Книга: Воображаемые девушки
Назад: 7 Олив находился здесь
Дальше: 9 Лондон не существовало

8
Руби скользнула

Руби сползла во сне на мою сторону кровати и не шевелилась, хотя я изо всех сил старалась ее разбудить. Уже было утро, я проснулась куда позже обычного, но Руби продолжала спать. Ее длинные волосы раскинулись по спутавшимся простыням и свисали сбоку кровати до потемневших от пыли тапочек-кроликов, стоящих под ней. Ее рука обнимала одну из моих подушек, ее ноги вытеснили мои.
– Руби? – позвала я, убирая прядь волос с ее щеки.

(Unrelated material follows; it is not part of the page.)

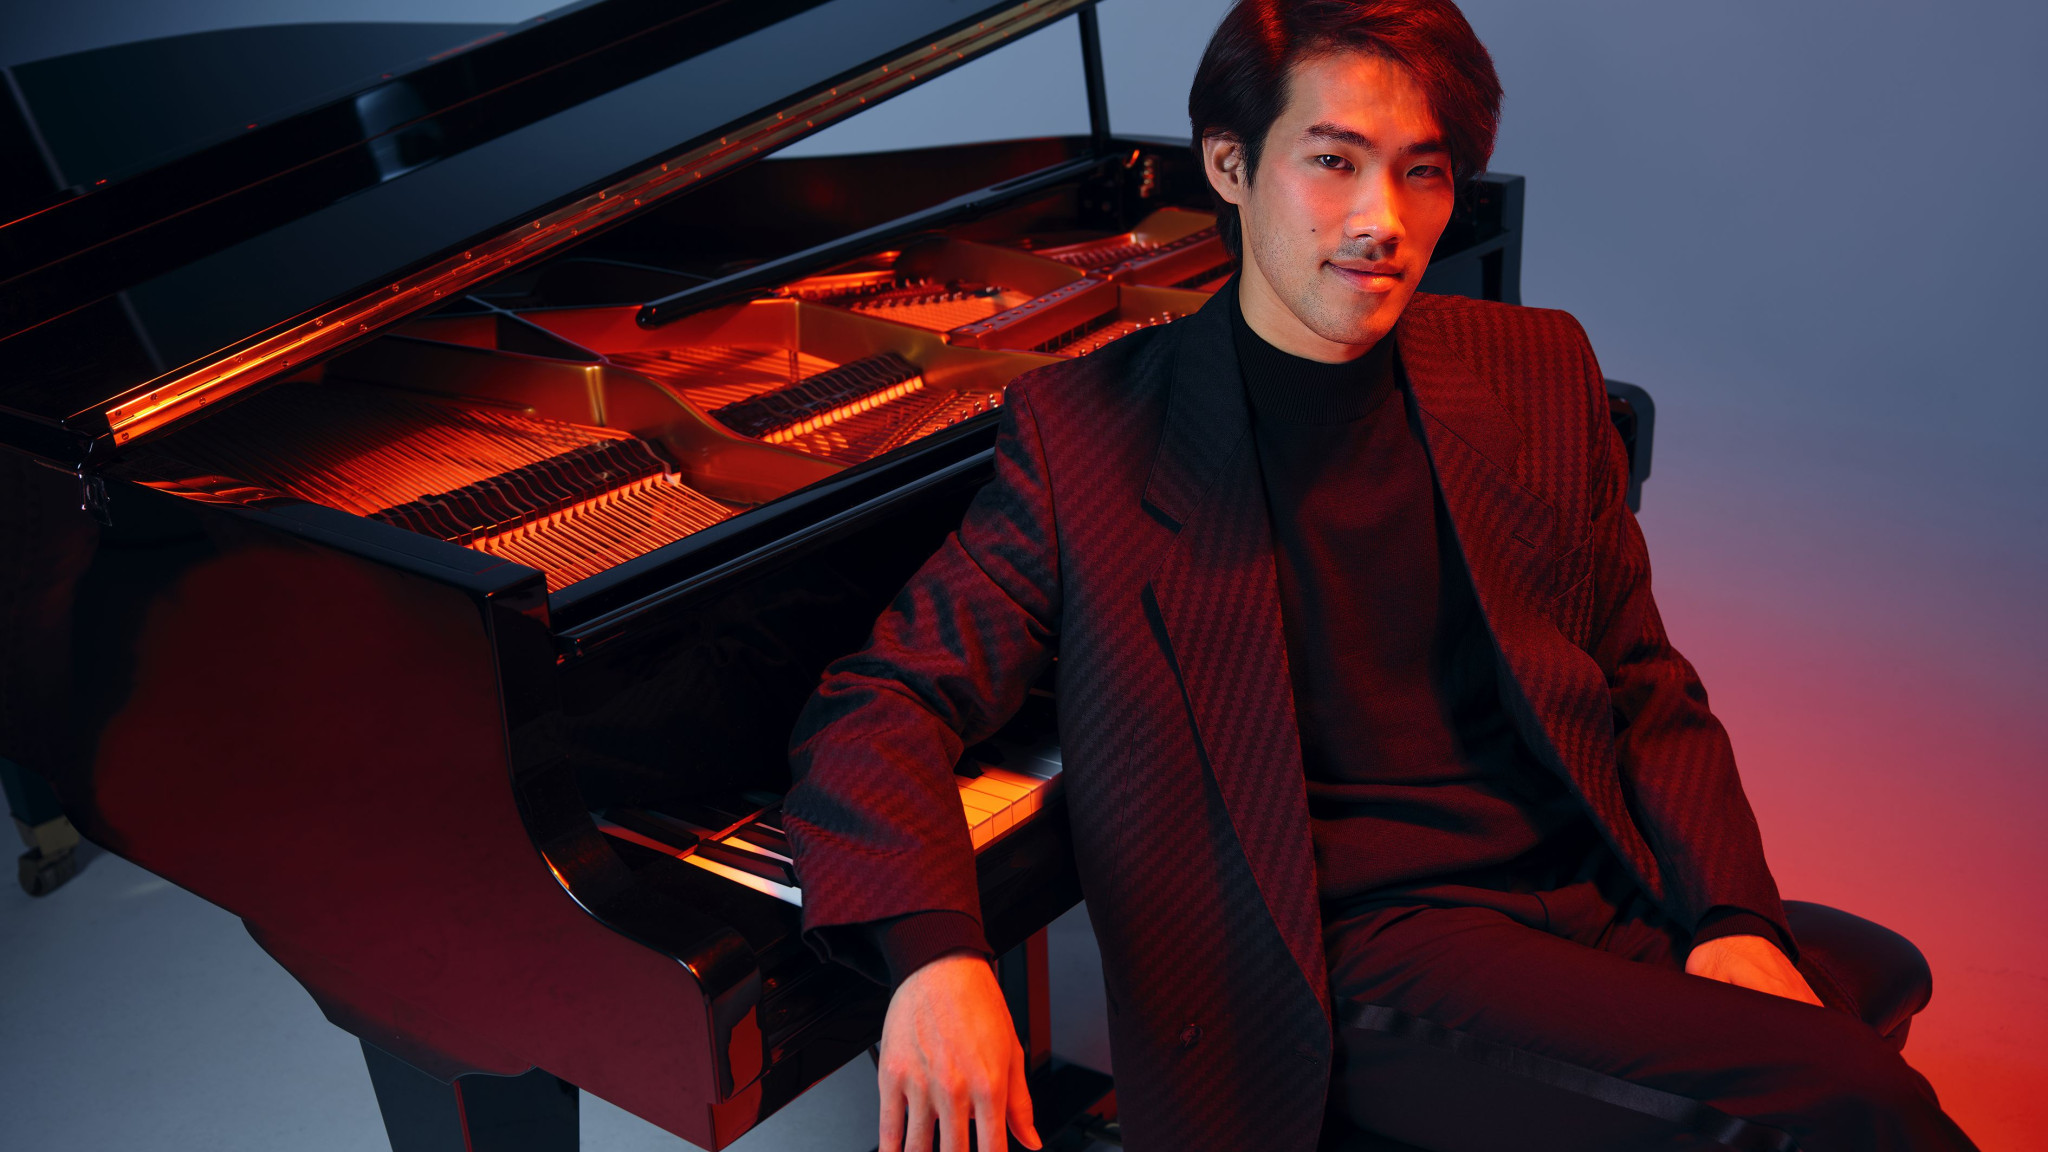 Gewinner des Chopin-Wettbewerbs kündigt erstes Studioalbum an
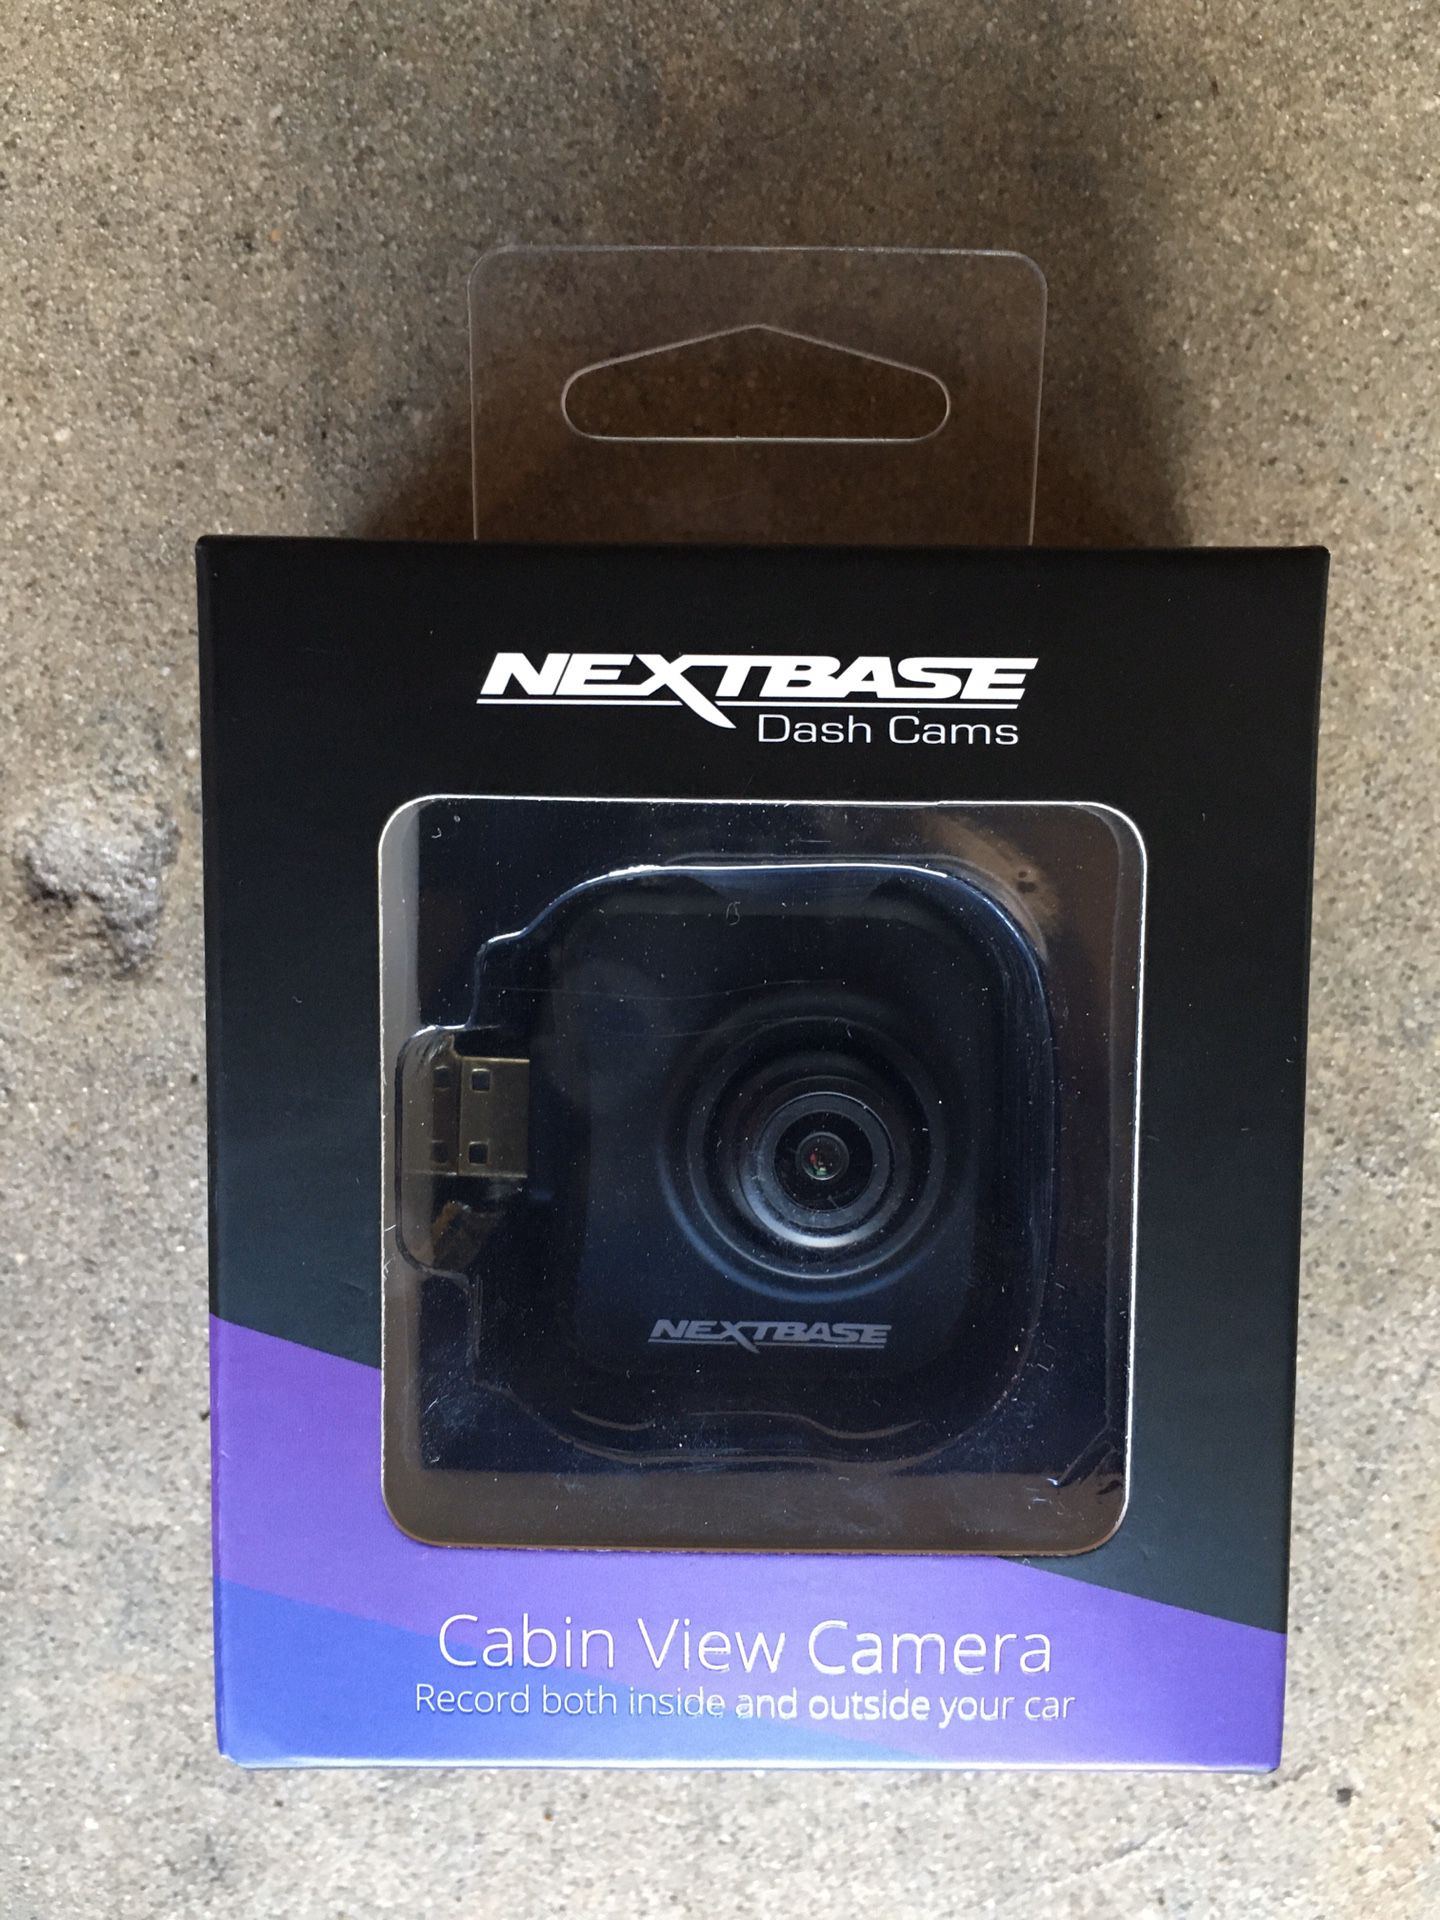 Next Base Dash Cams Cabin View Camera

– Нет, не надо, – ответила она, а потом перекатилась на живот, и мне больше не было видно ее лица. Сестра всего лишь говорила во сне.
Бывало, я говорила с Руби, когда она спала. Мы могли даже поболтать по-настоящему, ее скрытые мысли, о существовании которых она даже не подозревала, вылетали на свободу. Интересно, знал ли об этом кто-то из ее бойфрендов?
Мне не хотелось будить ее, хотя было уже довольно поздно для завтрака, а она наверняка проголодалась. Я стала вылезать из-под простыней и тут же почувствовала это – нечто холодное и рыхлое там, в ногах. Приподняв простынь, я увидела, что все изножье кровати запачкано в грязи, как на моей стороне, так и на ее. Она покрывала ноги Руби, полоски грязи доходили почти до колен. На ступнях сестры тоже засохла коричневая грязь, да так много, что даже не было видно, какого цвета лак на ее ногтях.
Но я уверена: когда мы ложились спать, ноги у Руби были чистыми.
– Руби? – ткнув ее в бедро, сказала я. – Ты выходила куда-то, пока я спала?
– Тебе нельзя туда ходить, – пробормотала она, по-прежнему не открывая глаза.
– Я не про себя, – ответила я. – А про тебя. Куда ты ходила?
Она лишь вздохнула, и я поняла, что она по-прежнему не проснулась и даже не собиралась.
В доме уже было не так тихо, как накануне. Откуда-то снизу доносился шум: конвульсивный, приглушенный, скулящий рев…
Циркулярная пила, как и обещала сестра. Должно быть, она.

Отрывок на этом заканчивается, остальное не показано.